When training neural networks it is a good idea to have a training set which has examples that are randomly ordered. We want to ensure that any sequence of training set examples, long or short, has statistics that are representative of the whole. During training we will be adjusting weights, often by using stochastic gradient descent, and so we ideally would like the source statistics to remain stationary.
During on-line training, such as with a robot, or when people learn, adjacent training examples are highly correlated. Visual scenes have temporal coherence and people spend a long time at specific tasks, such as playing a card game, where their visual input, over perhaps hours, is not representative of the general statistics of natural scenes. During on-line training we would expect that a neural net weights would become artificially biased by having highly correlated consecutive training examples so that the network would not be as effective at tasks requiring balanced knowledge of the whole training set.
In a neural network consisting of multiple layers, we ideally would like all neurons to be equally active with similar (sparse) activation histograms. Typically for unsupervised networks with ICA-like sparse learning, training images are manually decorrelated and normalized as a pre-processing step. This ensures that the variance of each unit’s activation remains around unity so that it can learn sparse structure instead of conventional second order statistics. However this is not always done, and may not typically be done for deep classification models. Also often there is a requirement to normalize the energy of the weight vectors. Making them unit length means that the variance of a unit’s activation is going to be equal to the variance in the source pattern, which is somewhat artificial. When this source pattern is the non-linear output of the previous layers’ neurons in a multilayer network, the variance may not be very well defined.
Without justifying it thoroughly, it seems to me that a network will do well if the variance of the activity of its neurons is similar over the whole network when considering each neuron’s activation over a training set corpus. The idea is to have all neurons similarly involved – they will still provide a sparse code, but ideally they are all in general responsive to equal numbers of patterns in the training set and engage equally frequently in the design task.
One way to ensure this behavior without the need to keep a unit norm on the weight vectors is to adjust the weights adaptively to ensure that the output of each neuron is activated in general at about the same level as training progresses. This is a sort of homeostatic adaptation which is certainly one of the mechanisms that is used by the brain to keep neuron outputs in the biochemical working range. One way to do this is to have the weights constantly update in the usual way during training and at the same time renormalize them with respect to their outputs so that the measured variance of each associated unit’s activation is kept constant. Another way to do it is to have the weights change freely during learning, and then have a dedicated renormalization cycle, which may interfere less with learning. This is where the idea of sleep comes in.
In this idea the neurons learn from input samples which may be randomly chosen, or they may be temporally correlated. As a result the weights change and the general balance of activity across the network will possibly depart from being even, especially if a lot of correlated samples are seen, since correlated samples repeatedly train the same neuron, which can cause its weights to grow excessively. This could well produce effects that are similar to the human experience of constantly internally hallucinating visual scenes (like playing hands of cards) when you have been repeating the same task for hours.

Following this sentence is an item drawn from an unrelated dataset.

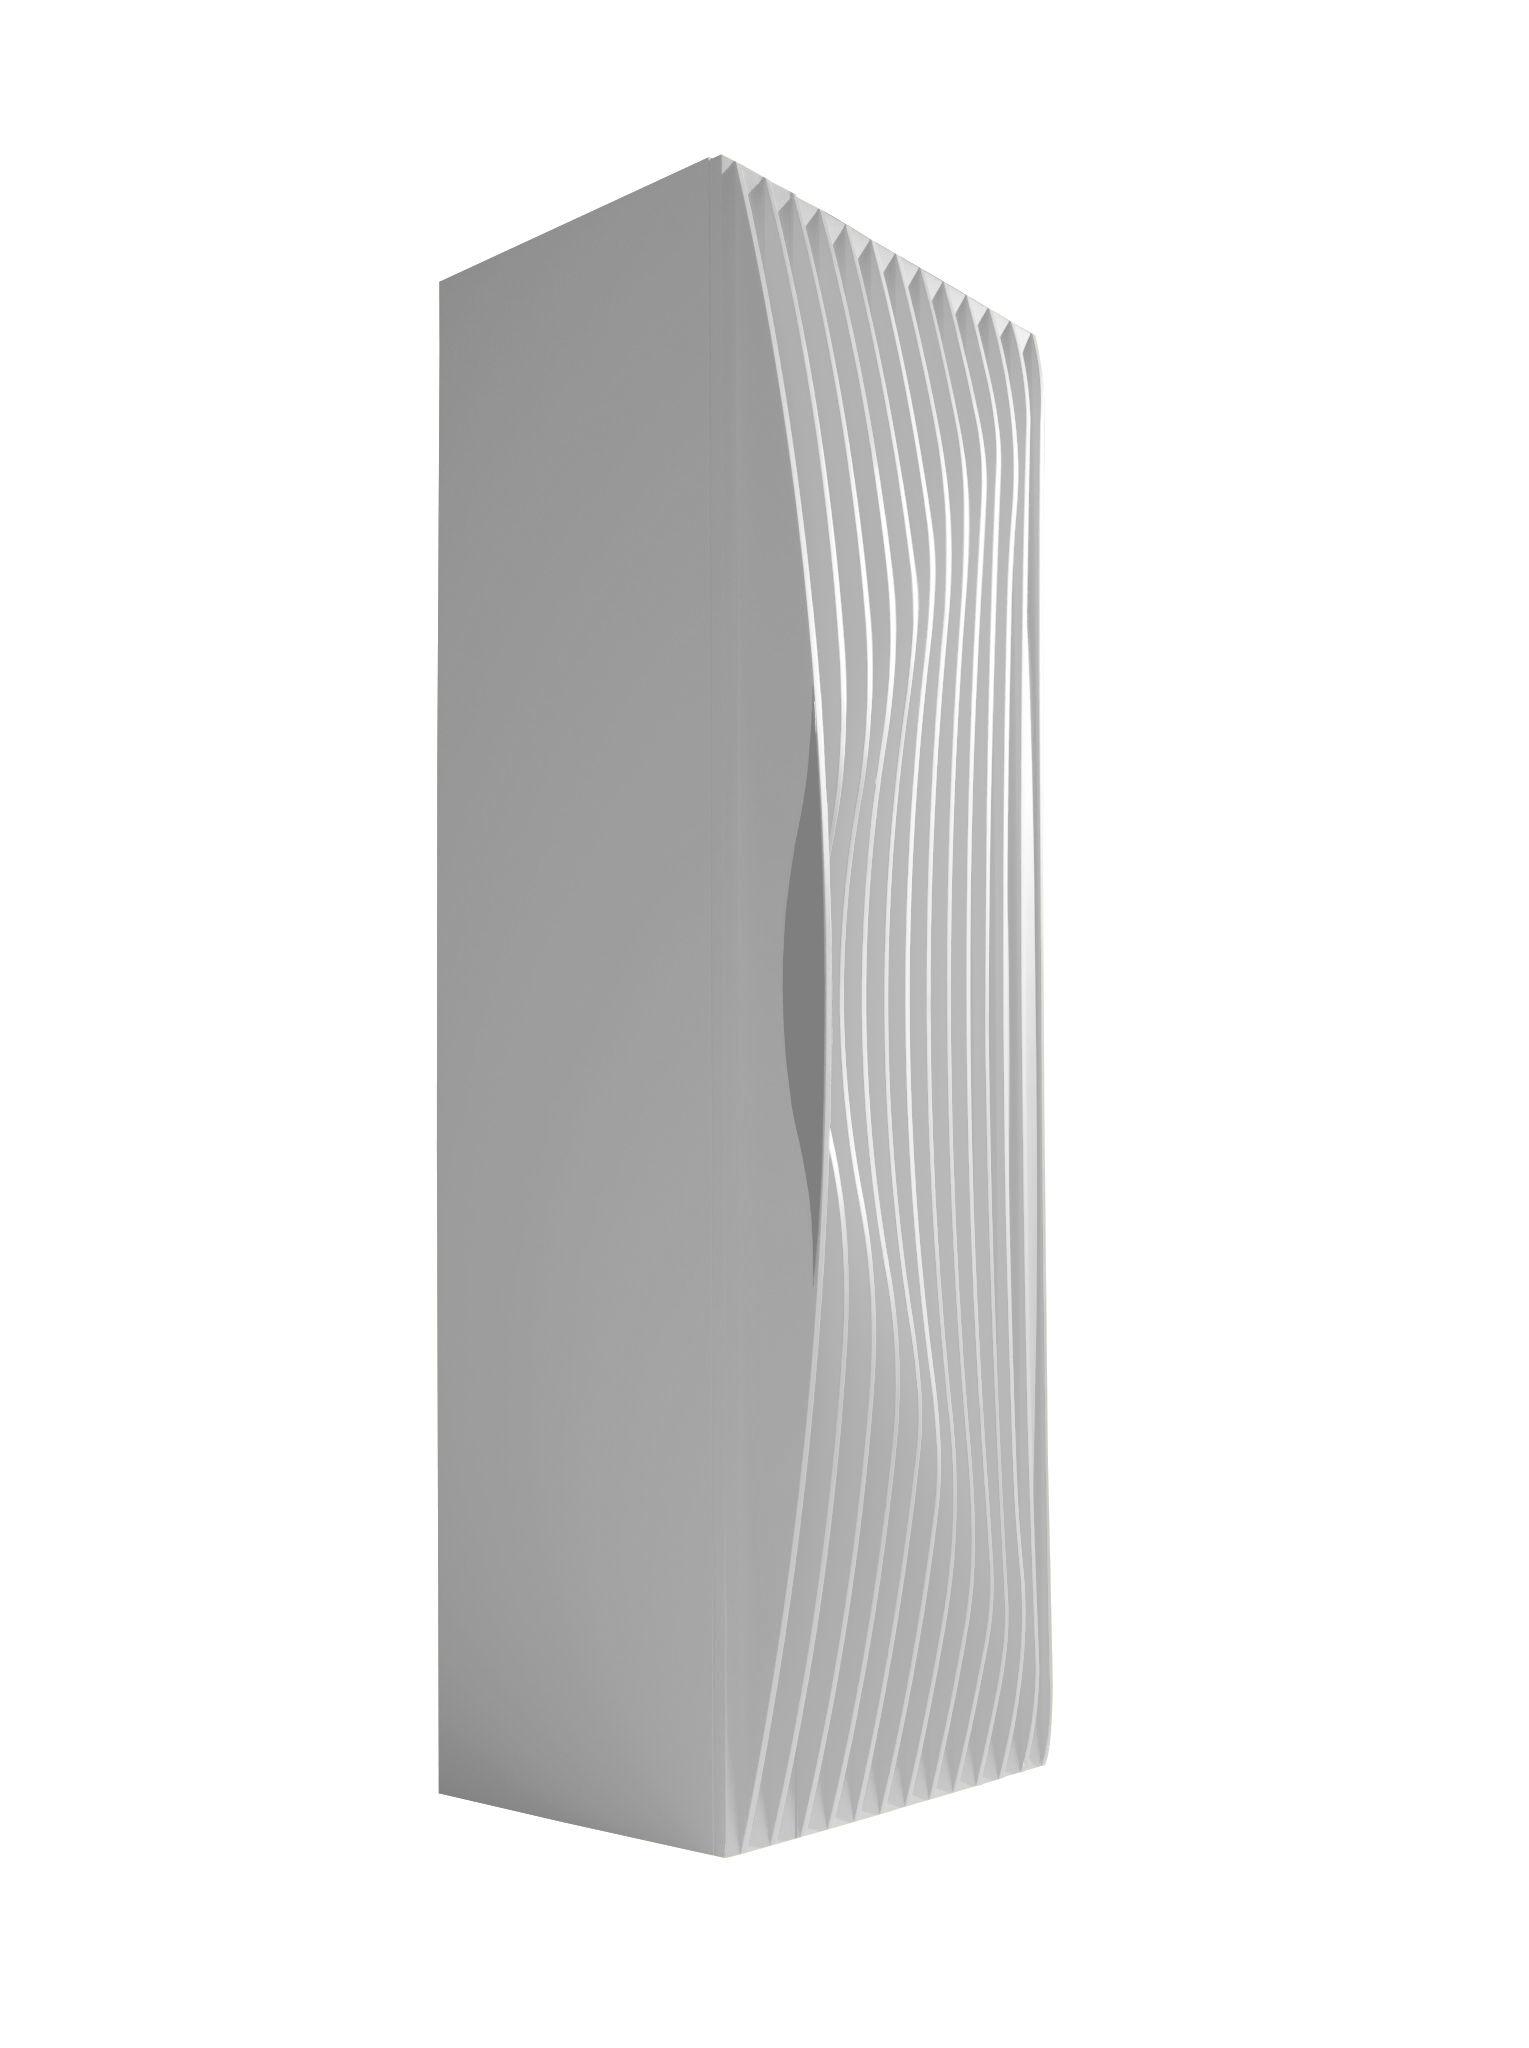 Arredamento - Contenitori, Credenze... - Armadio Blend - 1 porta di Horm - Bianco - MDF

The associated neurons are over-trained and have excessive responses to everything.
A renormalization cycle would expose the network to random training examples without training the weights in the usual sense, but just scaling them up and down to even out the network activities. Obviously this will effect the training somewhat, so needs to be alternated with training.
One method of doing renormalization is to just show the network sequences of independent training examples in order to generate activations whose statistics can be measured and used for rescaling.
Another method might be to create a muti-layer network that is capable of dream-like recall. For example using the Google deep dream network approach it is possible to randomly choose neurons in the network to consider and then optimize patterns of activation in other levels that provide a memory-like recall of related concepts.
The relationship with renormalization is that this dream-like method would be a way to internally generate representative activity in the network that is then used for rebalancing neural activity gains. This really is a sort of dreaming process because, in this idea, spontaneous activity is generated in the network and propagated to all layers solely to generate responses so that excessively high or low activations can be detected and fixed by weight renormalization. The network is effectively generating its own training set for this purpose by recalling patterns starting from random noise, and then fixing the statistical biases that arise from over-training particular subsets of neurons.